◆ **DESCRIPTION OF THE TASK**
Reproduce exactly the lines from the one containing "5 Person Hot Tub Sale!" through the end of the listing, minus the pictures.

◆ **AVAILABLE DATA**
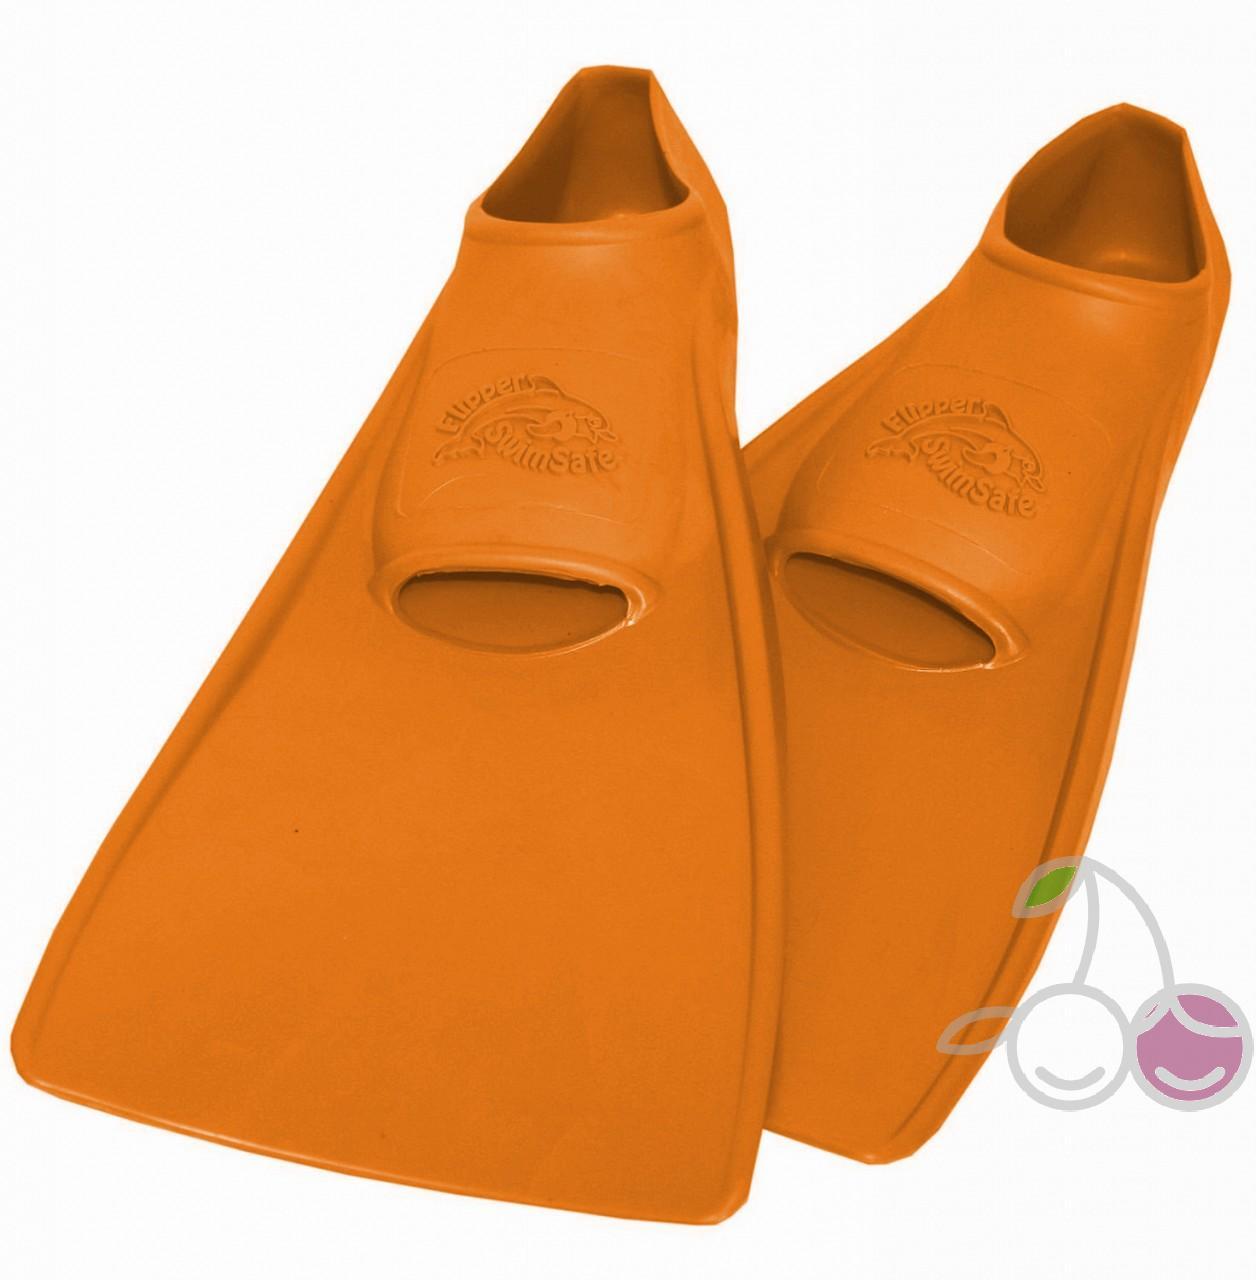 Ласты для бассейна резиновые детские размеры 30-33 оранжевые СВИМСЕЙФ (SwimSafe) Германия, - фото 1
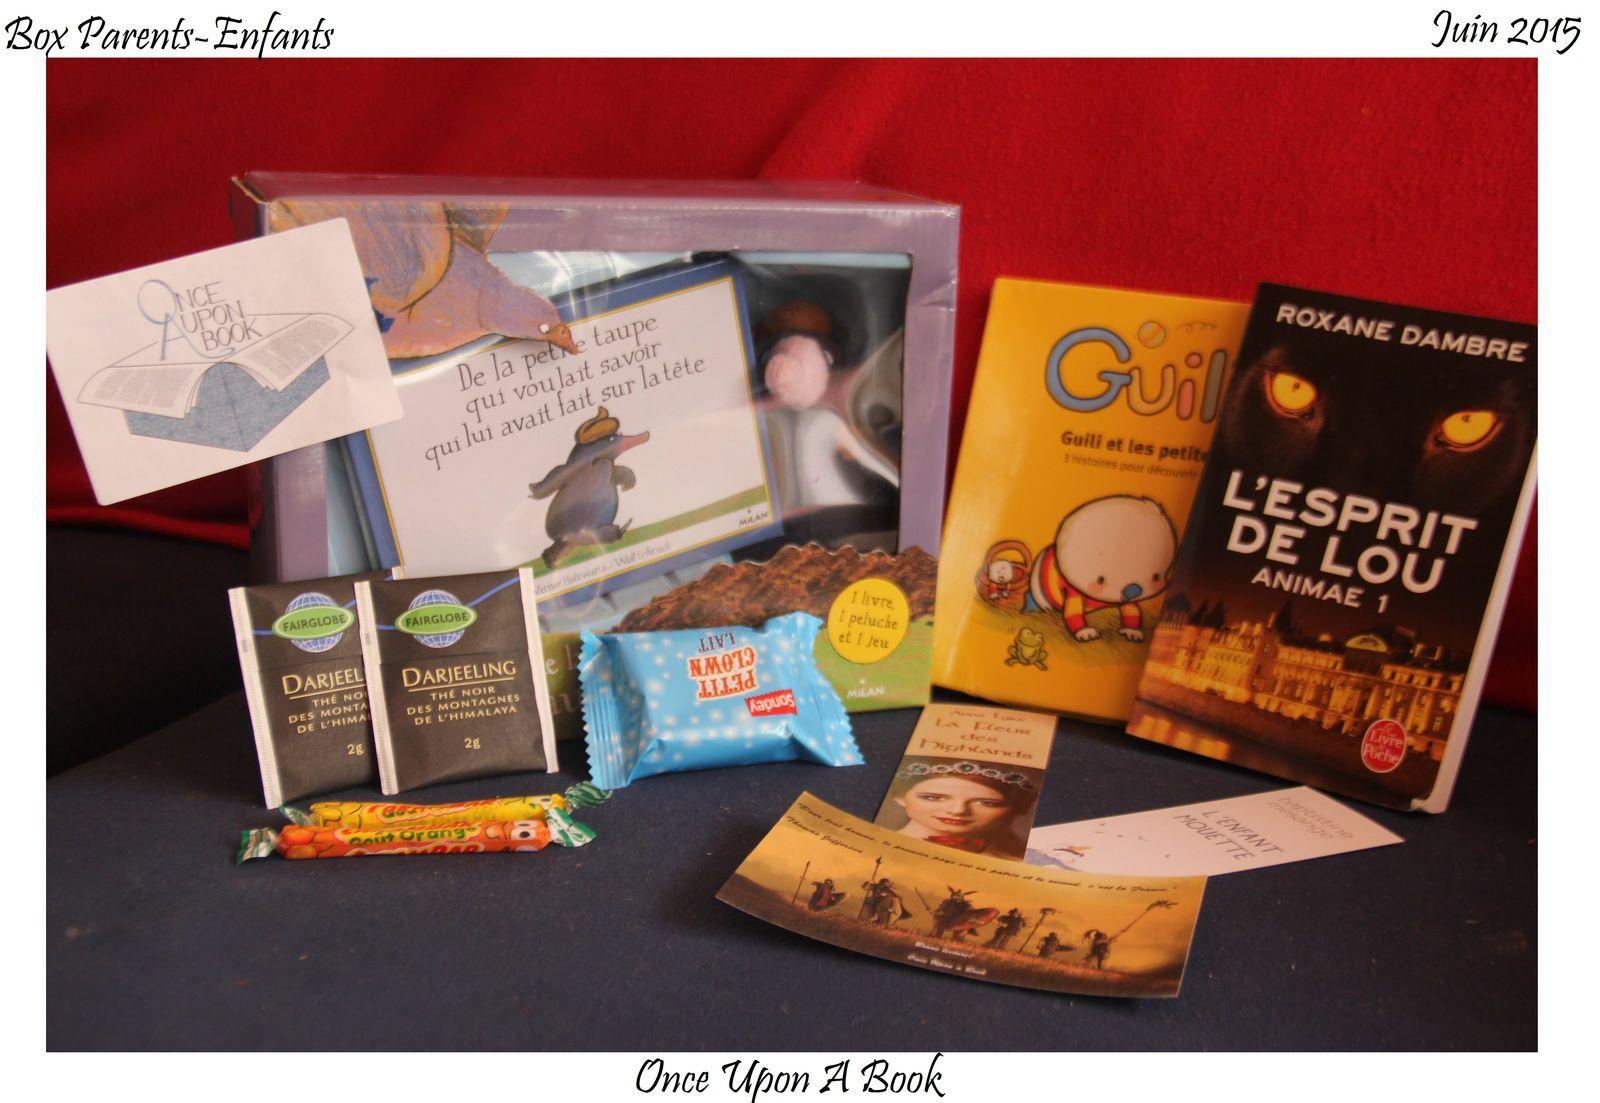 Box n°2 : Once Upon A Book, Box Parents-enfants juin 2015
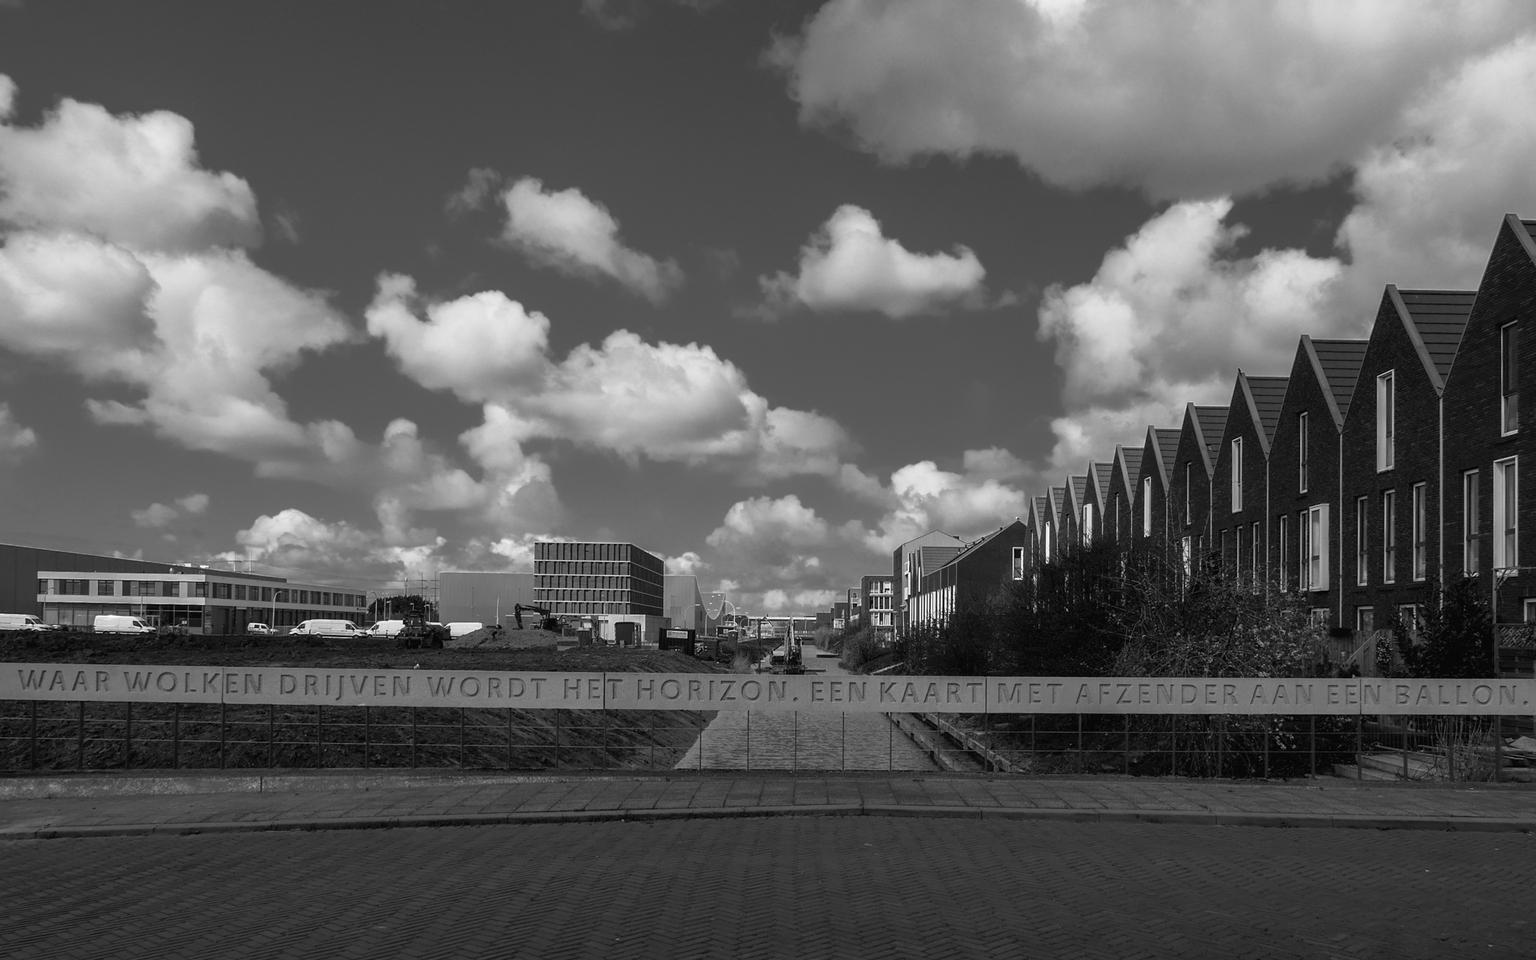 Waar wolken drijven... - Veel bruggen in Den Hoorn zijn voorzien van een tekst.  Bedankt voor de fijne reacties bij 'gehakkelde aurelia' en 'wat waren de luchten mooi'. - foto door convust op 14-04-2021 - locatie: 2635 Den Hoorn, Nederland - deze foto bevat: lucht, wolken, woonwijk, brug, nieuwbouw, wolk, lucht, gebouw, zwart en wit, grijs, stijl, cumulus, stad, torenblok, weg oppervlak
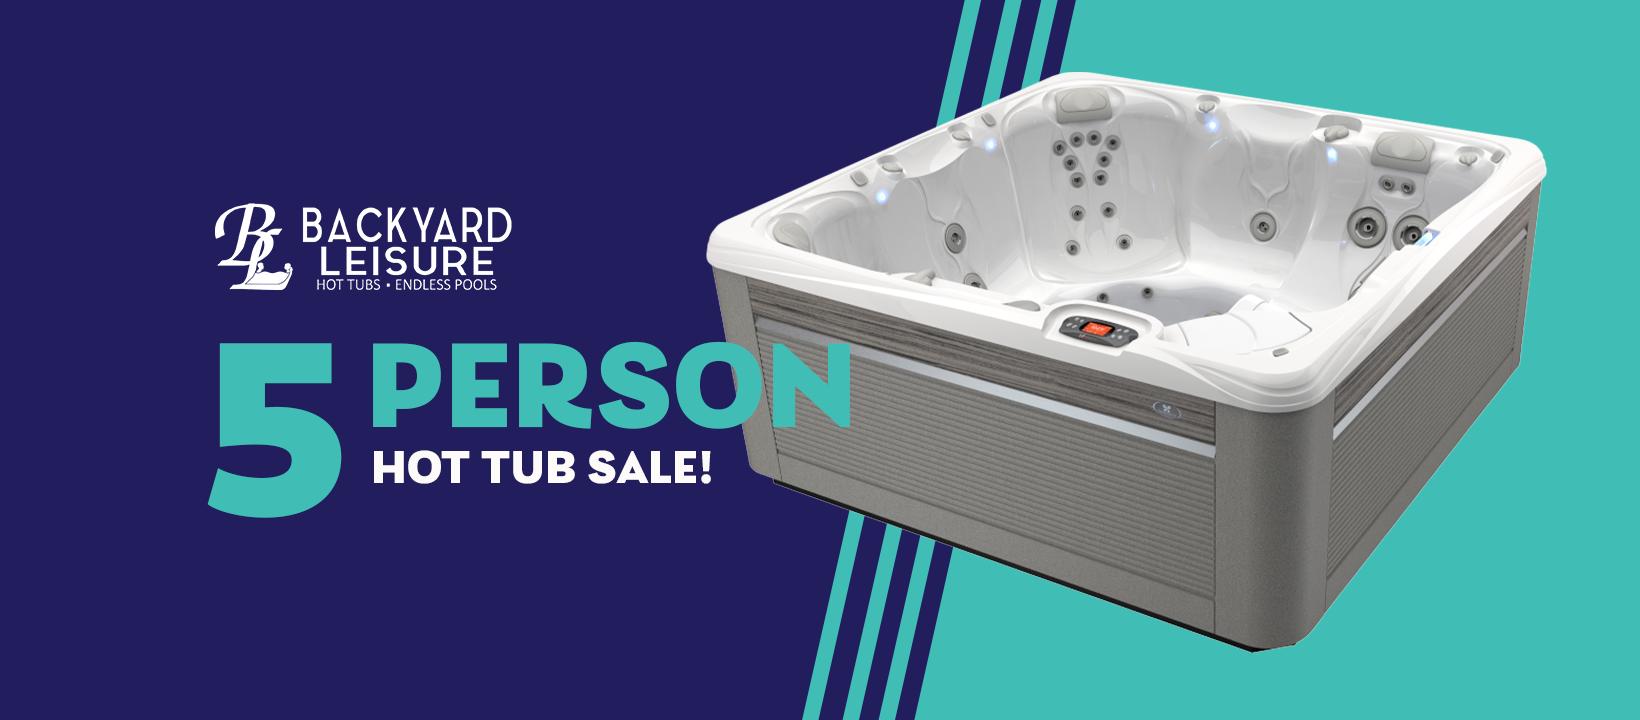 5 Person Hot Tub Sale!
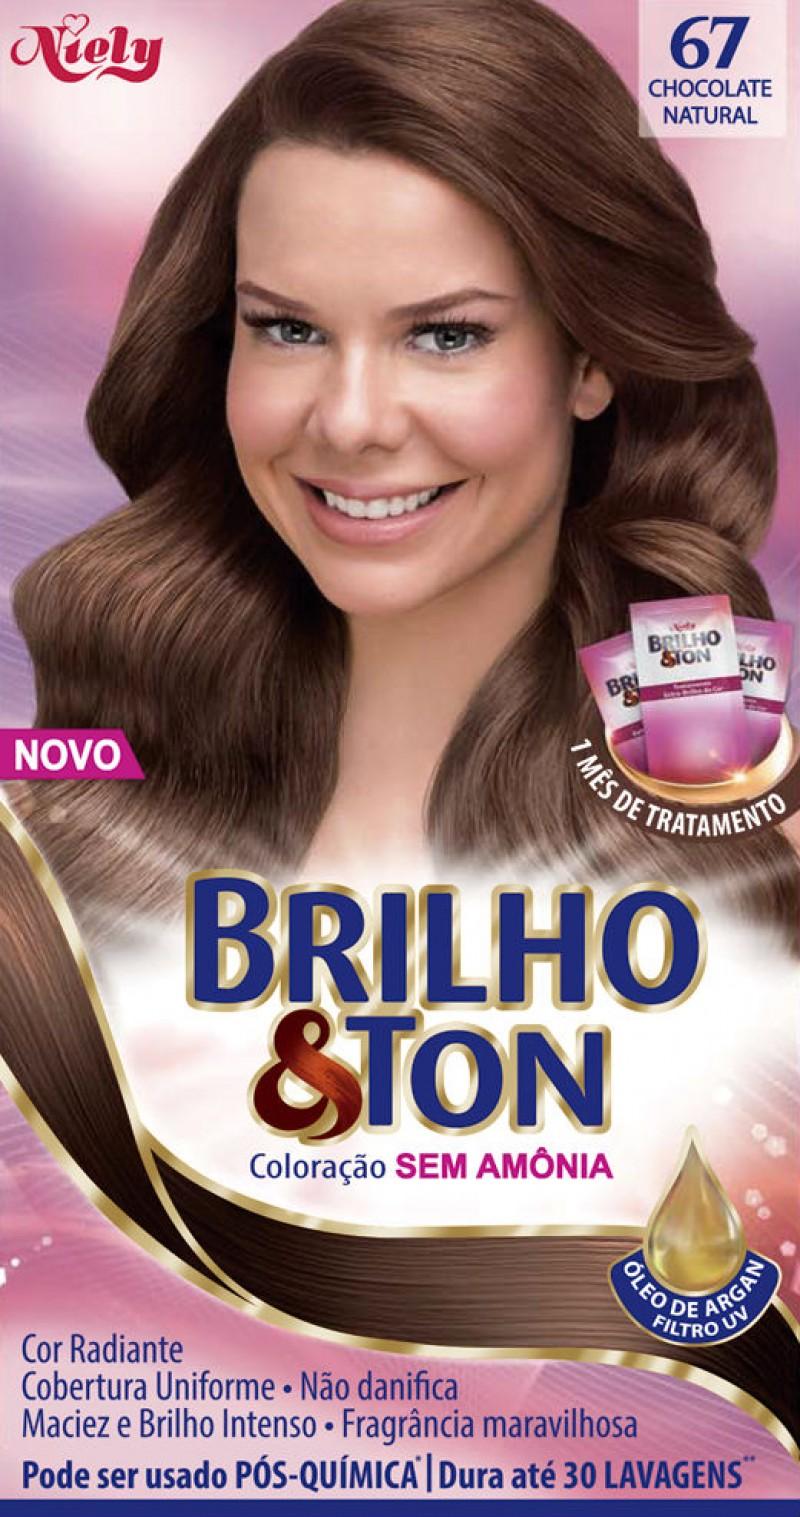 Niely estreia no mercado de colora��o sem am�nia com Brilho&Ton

◆ **RESULT OF THIS EXERCISE**
 5 Person Hot Tub Sale!
 Niely estreia no mercado de colora��o sem am�nia com Brilho&Ton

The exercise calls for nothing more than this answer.